Determination of the presence and amount of an analyte in a biological
sample can be determined by a competitive diagnostic assay. Small molecule,
lo competitive diagnostic assays usually require a labeled component that can
compete with the analyte for available antibody sites. The labeled
component is typically referred to as a tracer. Examples of the labeled
component include radioactive tracers, fluorescent tracers, chemiluminescent
tracers, and enzyme tracers. Typically, the labeled component consists of the
analyte or an analogue of the analyte coupled to a label.

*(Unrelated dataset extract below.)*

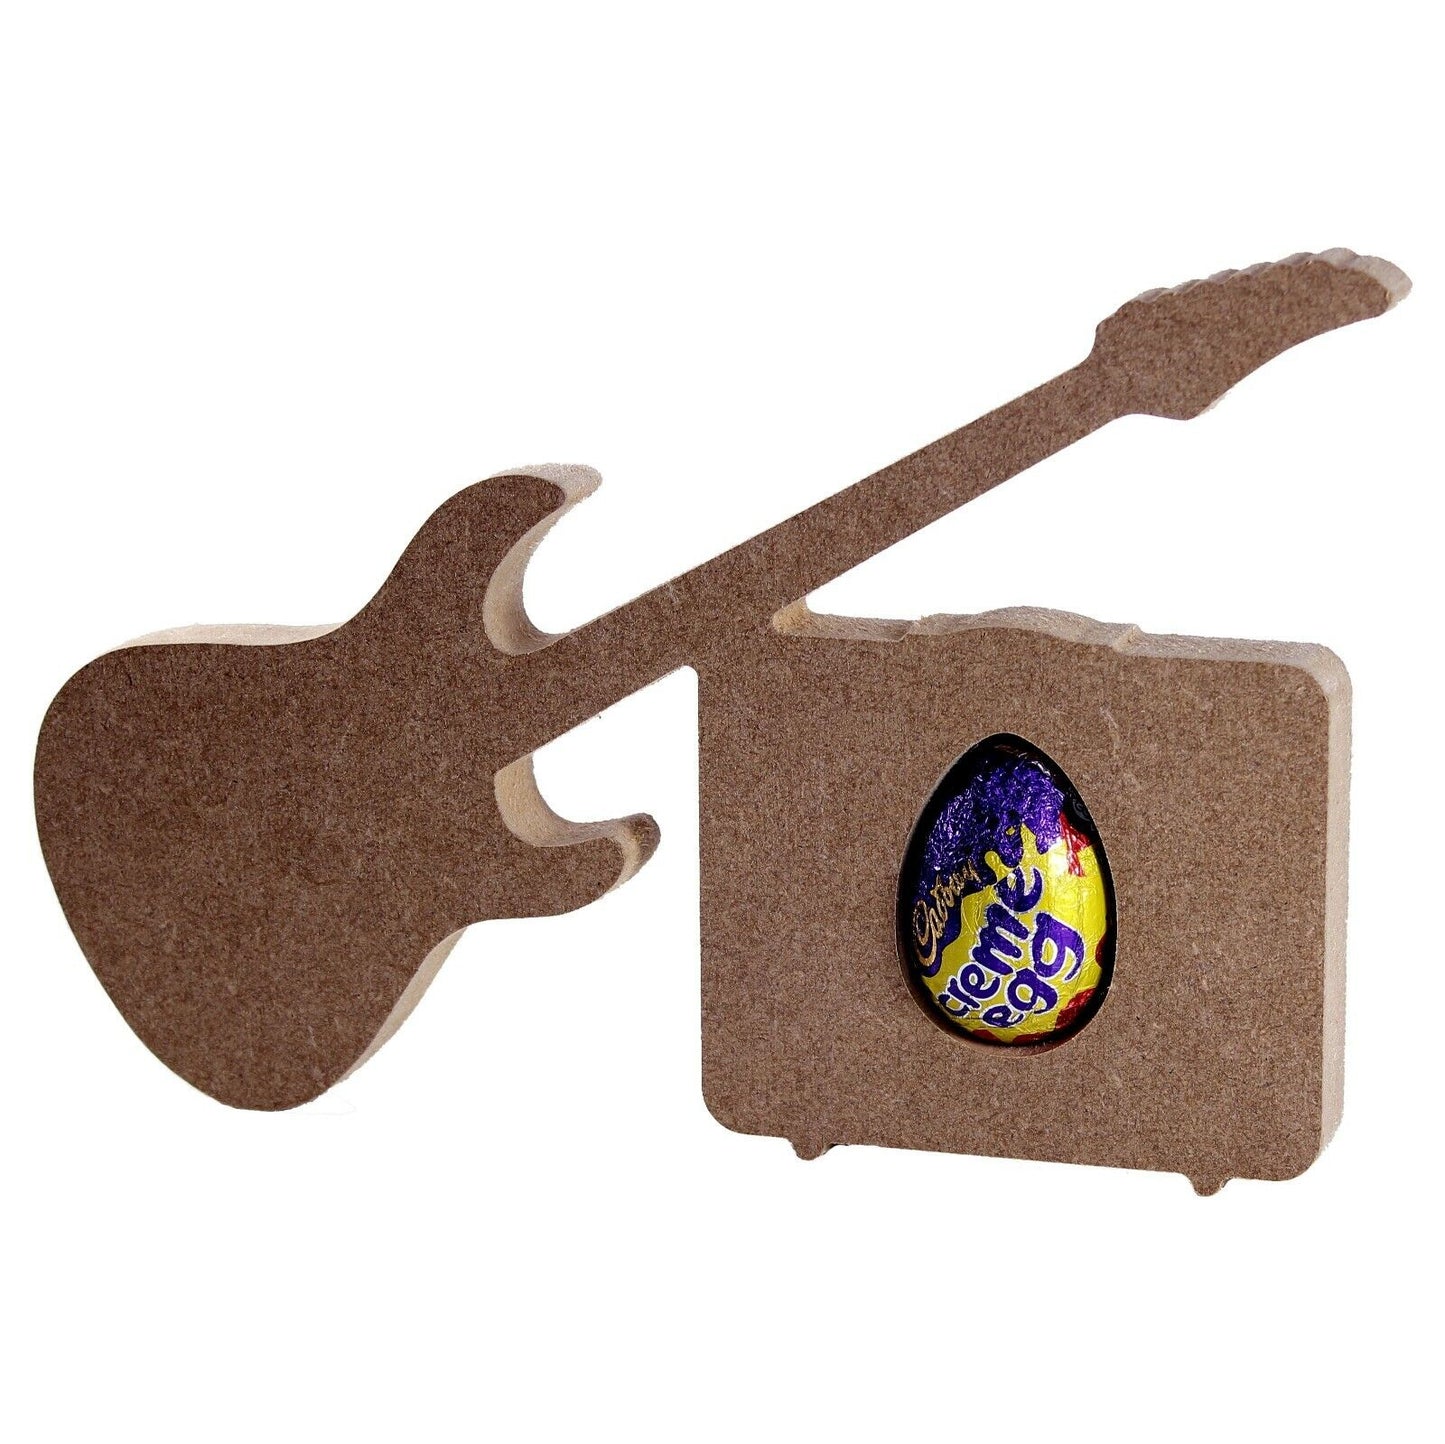 Free Standing 18mm MDF Guitar and Amp Egg Holder. Kinder Egg, Creme Egg. Music

The probability that a particular reagent comprising a specific binding
member for a given analyte and a labeled component will be useful in a
sensitive
assay for the given analyte can be assessed by knowledge of the dose
response curve. The dose response curve for an immunoassay is a plot of
the ratio of the response in the presence of the subject analyte to the
response in
the absence of the subject analyte as a function of the concentration of the
subject analyte. The dose response curve for a given immunoassay is unique
for each reagent comprising a specific binding member for a given analyte and
a tracer and is modulated by the competition between the tracer and the
analyte
for sites on the specific binding member for the analyte.
Prior to carrying out an immunoassay for the subject antigens, the
method described herein utilizes a processing technique to prepare biological
samples for use in a commercially available automated immunoassay
analyzer. Such a processing technique can be carried out with a KingFisherTM
mL magnetic particle processor or a KingFisherTM magnetic particle processor,
both of which are commercially available from Thermo Fisher Scientific, Inc.,
Waltham, MA.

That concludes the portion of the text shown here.